A Princeton professor, discovering slightly time for himself in the summertime educational lull, emailed an outdated good friend a pair months in the past. Brian Kernighan mentioned hiya, requested how their US go to was going, and dropped off a whole lot of strains of code that might add Unicode help for AWK, the text-parsing instrument he helped create for Unix at Bell Labs in 1977.
“I’ve examined this a good quantity however clearly extra exams are wanted,” Kernighan wrote within the e-mail, posted in late Could as a sort of pseudo-commit on the onetrueawk repo by longtime maintainer Arnold Robbins. “As soon as I determine how … I’ll attempt to submit a pull request. I want I understood git higher, however regardless of your assist, I nonetheless do not have a correct understanding, so this may occasionally take some time.”

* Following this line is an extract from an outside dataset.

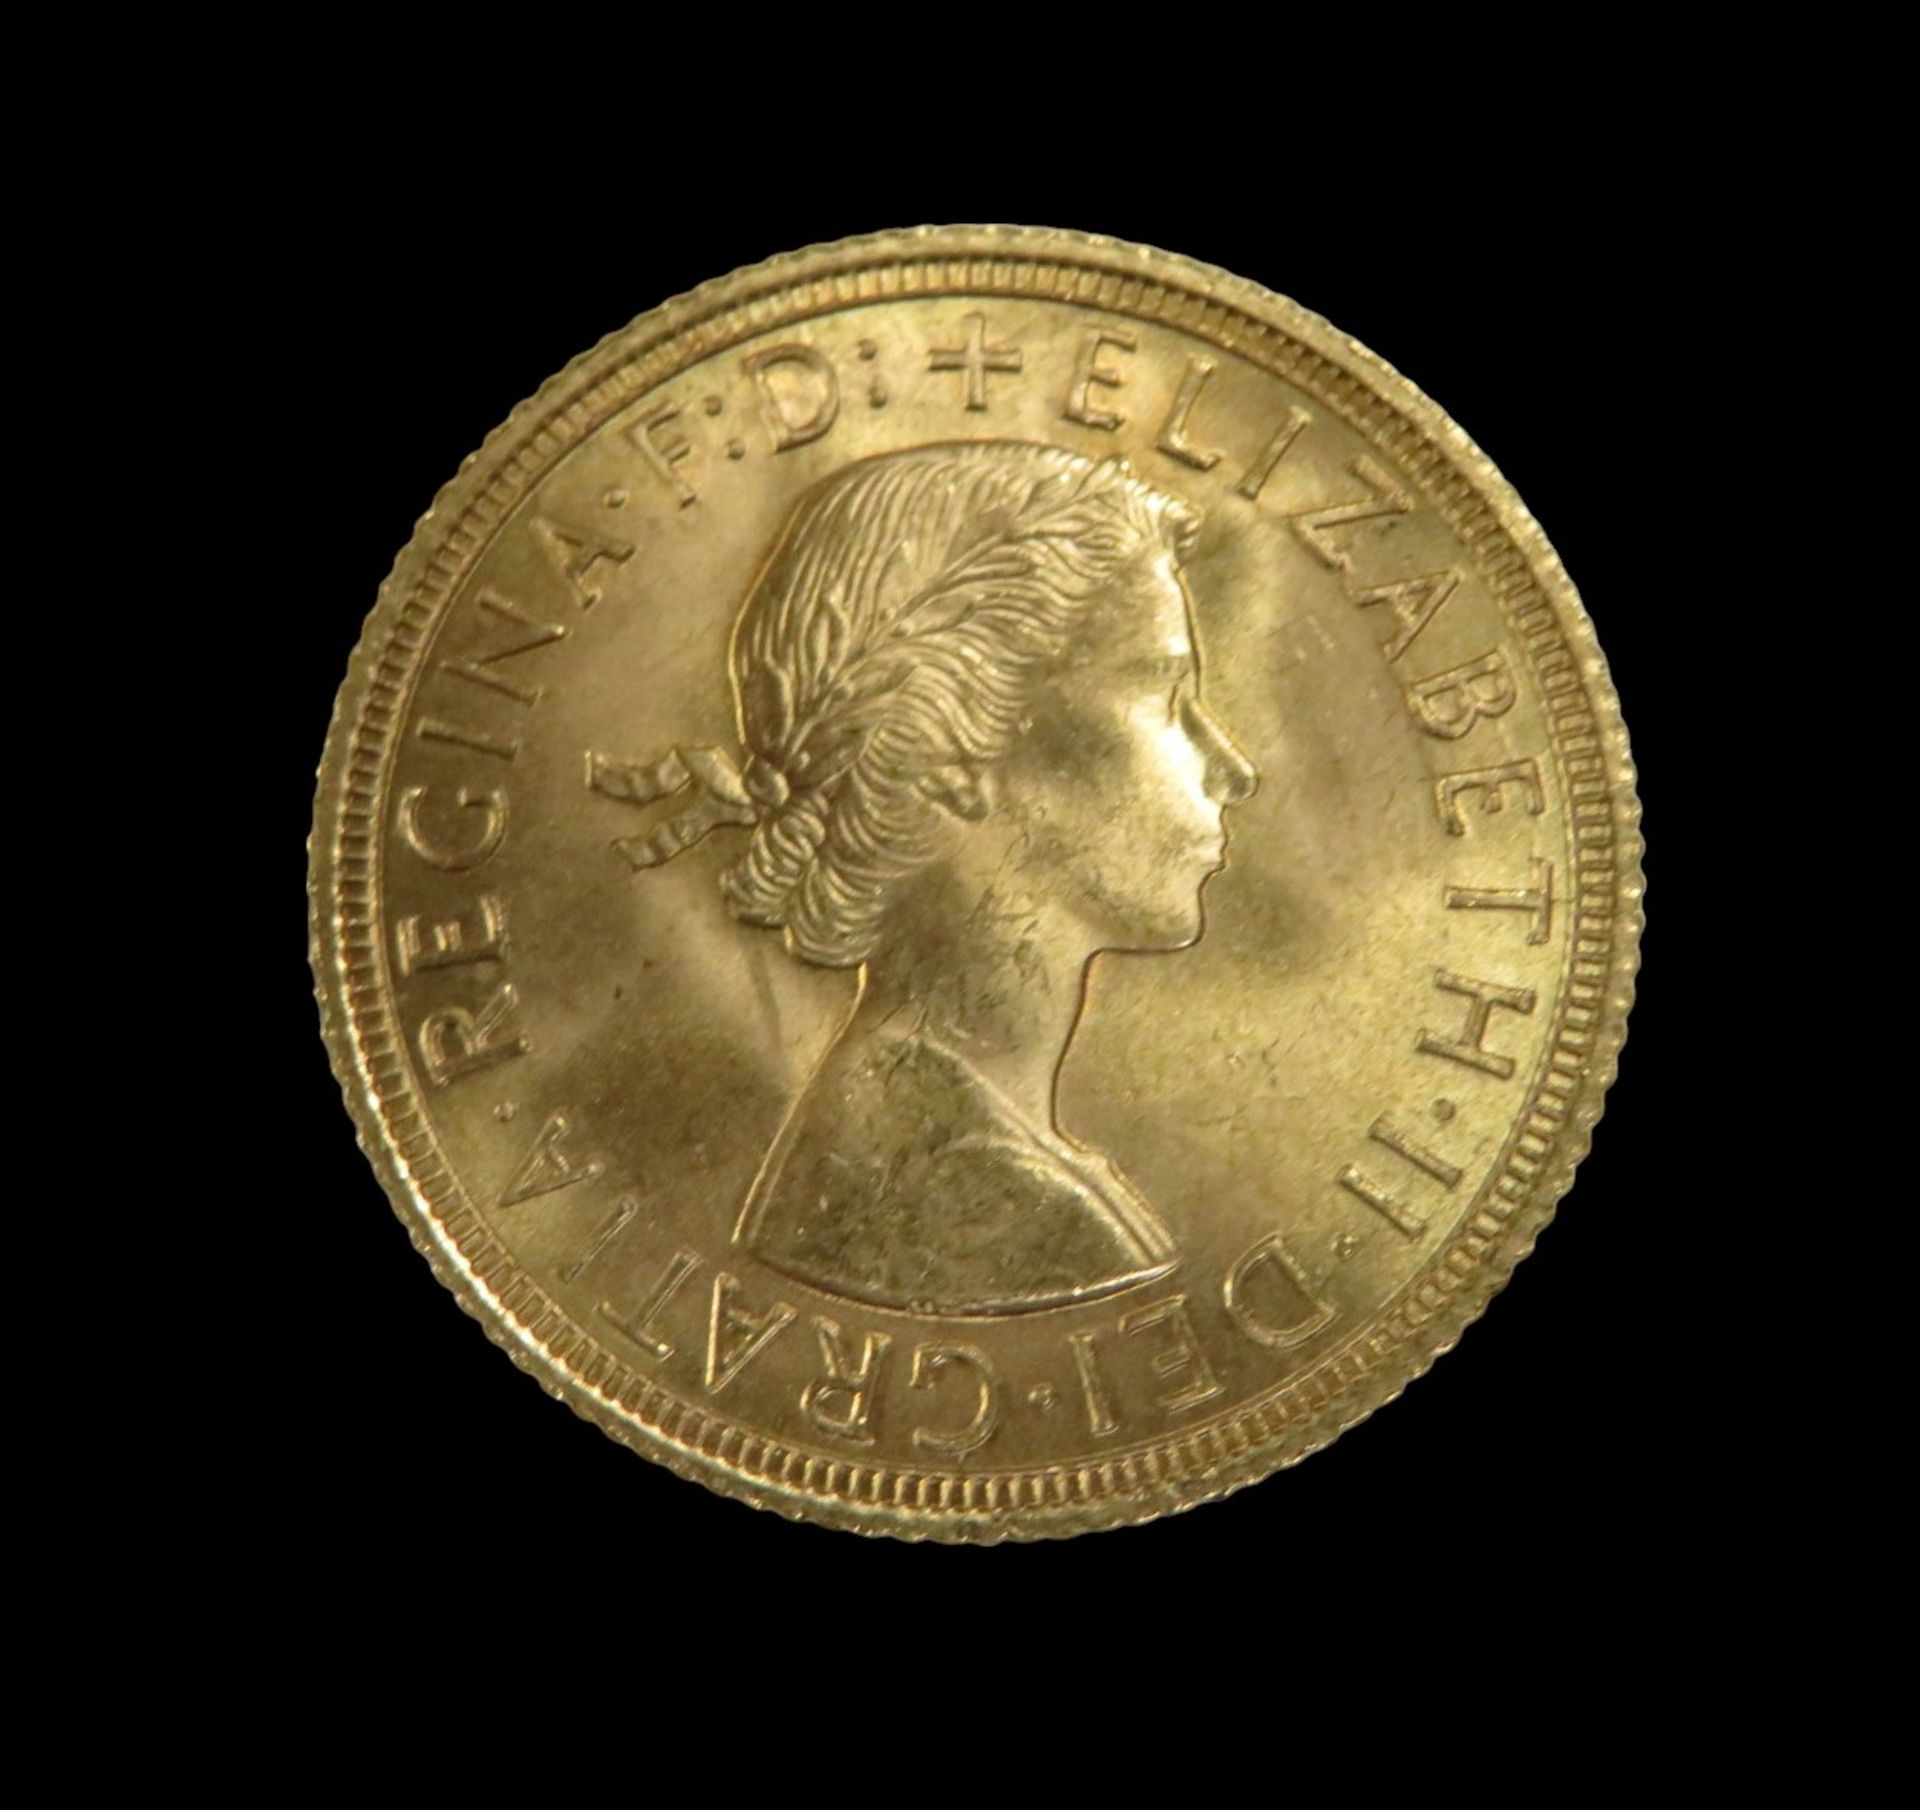 Goldmünze, 1 Pfund, Sovereign, Elizabeth II, 1958, Gold 916/000, 7,99 g, d 2,2 cm.

Kernighan is the “Okay” in AWK, a special-purpose language for extracting and manipulating language that was key to Unix’s pipeline options and interoperability between techniques. A working awk
perform (AWK is the language, awk
the command to invoke it) is essential to each Normal UNIX Specification and IEEE POSIX certification for interoperability. There are numerous variants of awk
—together with trendy derivations with help for Unicode—however “One True AWK,” typically often called nawk
, is a sort of canonical model primarily based on Kernighan’s 1985 guide The AWK Programming Language and his subsequent enter.

Copies of The C Programming Language of their native campus bookstore setting, written by Brian Kernighan and Dennis Ritchie (RIP).
Kernighan can be the “Okay” in “Okay&R C,” the foundational 1978 guide The C Programming Language he cowrote with Dennis Ritchie that sticks with programmers, mentally and in dog-eared paper type. C’s roots go a lot deeper. Kernighan had been educating C to staff at Bell Labs and satisfied its creator, Ritchie, to collaborate on a guide to unfold the information. That guide gave start to “the one true brace type,” the infinite debate that goes with it, and the construction underpinning each trendy programming language.
Kernighan additionally named Unix and first demonstrated the “Hiya, world” code instance. He spoke with Ars Technica’s Richard Jensen for a fiftieth anniversary historical past of Unix.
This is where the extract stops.